[[ Data open ]]
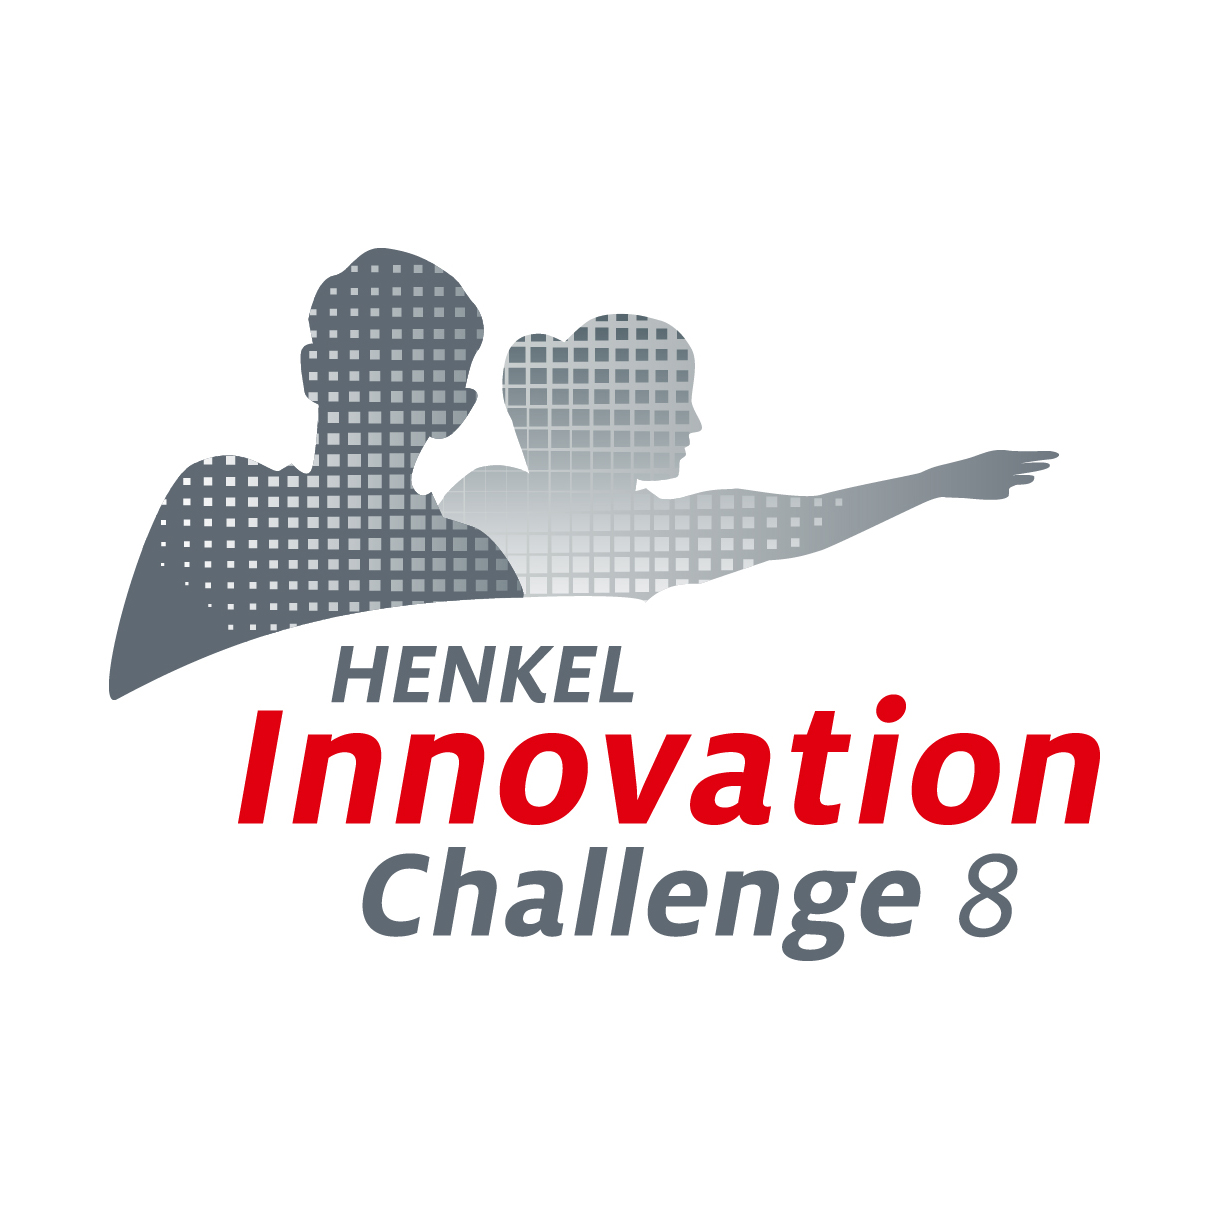 Rusza kolejna edycja konkursu Henkel Innovation Challenge
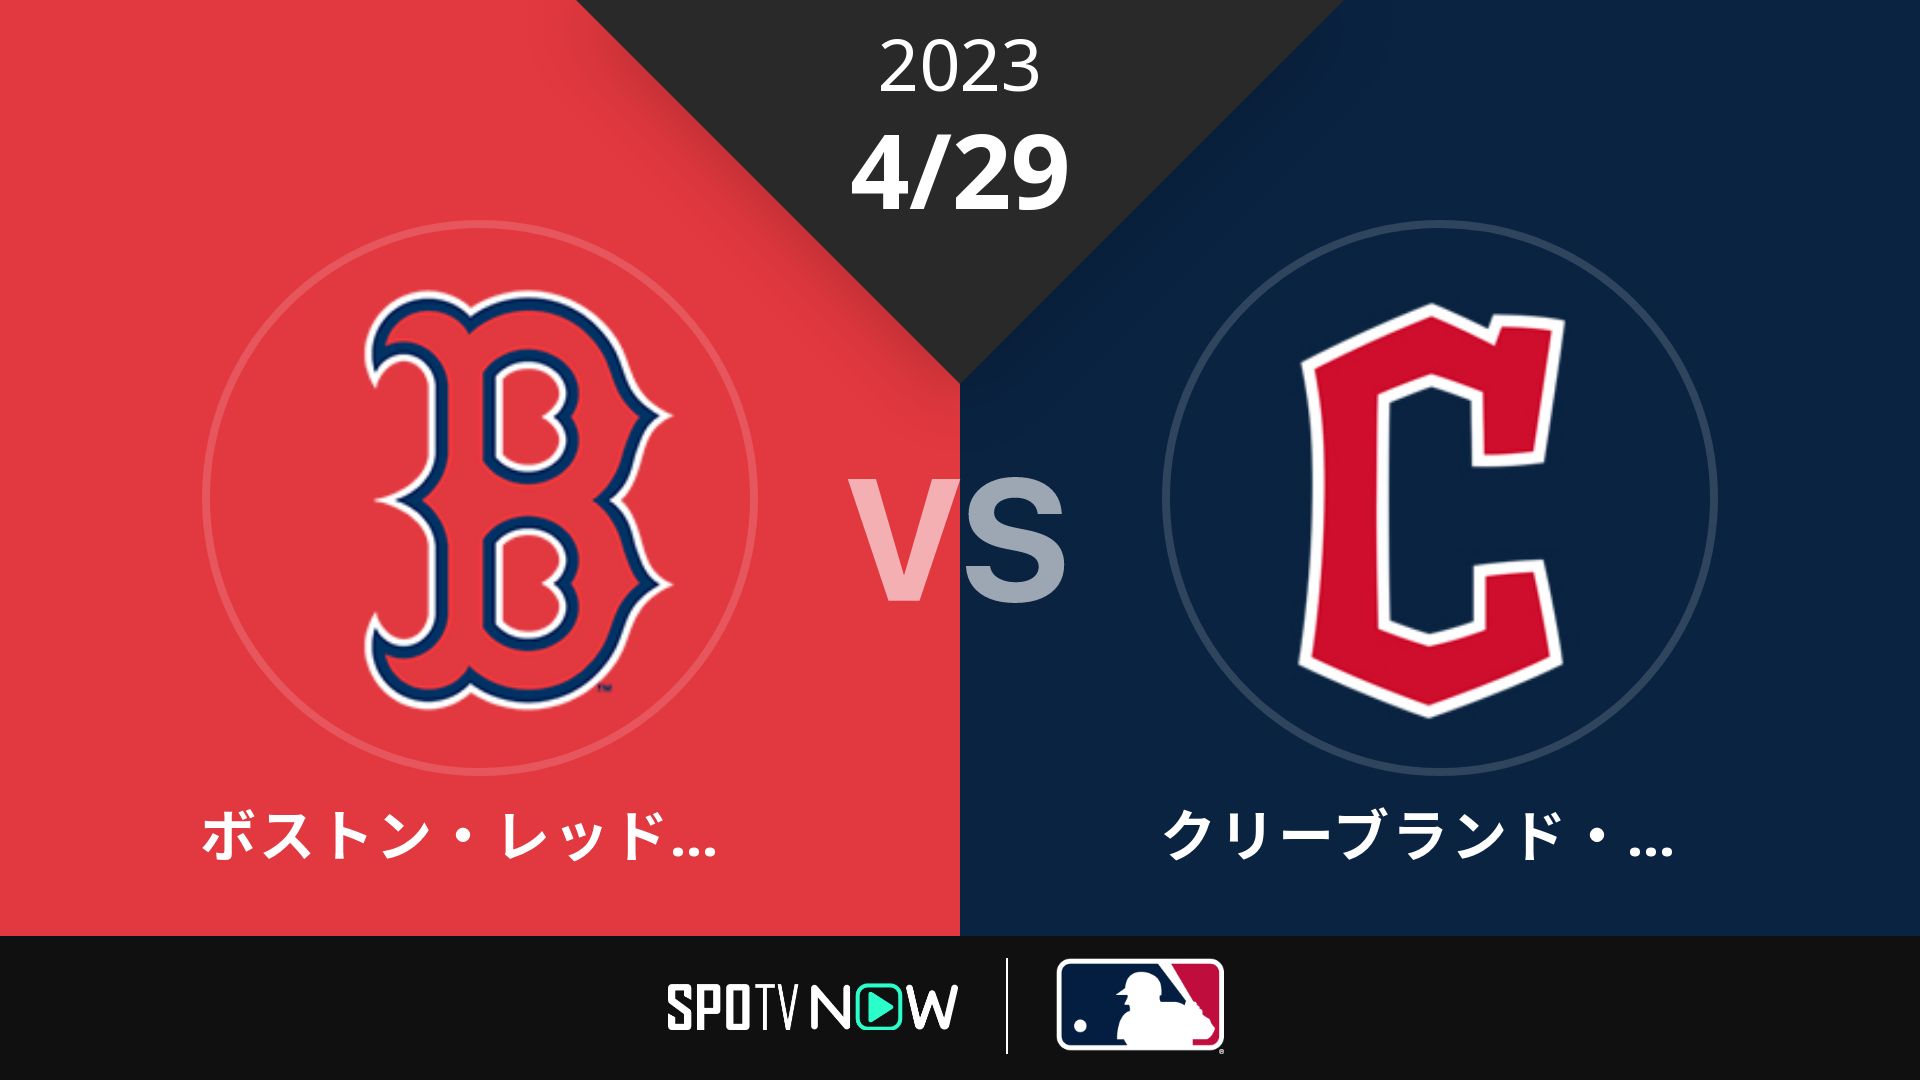 2023/4/29 Rソックス vs ガーディアンズ [MLB]
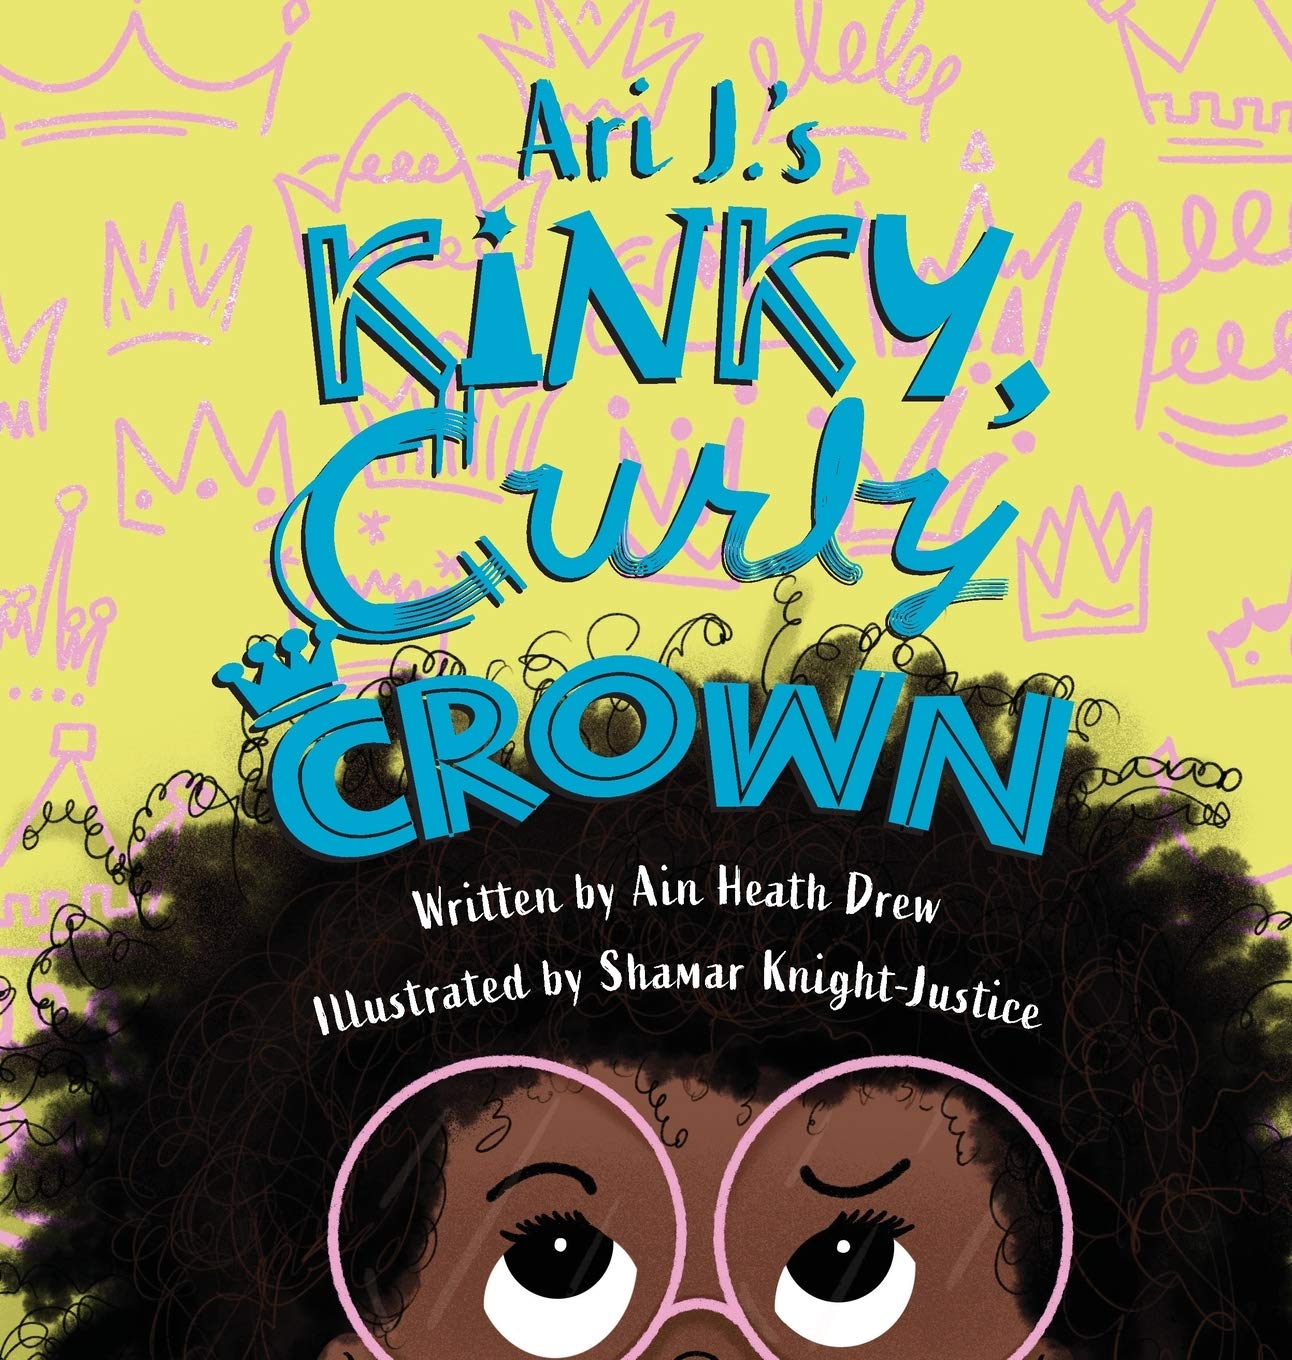 Ari J.'s Kinky, Curly Crown (Hardcover)
[[ Data closed ]]
- What is expected -
Would you please copy the material exactly, leaving all the pictures out?

- Answer to the exercise -
 Rusza kolejna edycja konkursu Henkel Innovation Challenge
 2023/4/29 Rソックス vs ガーディアンズ [MLB]
 Ari J.'s Kinky, Curly Crown (Hardcover)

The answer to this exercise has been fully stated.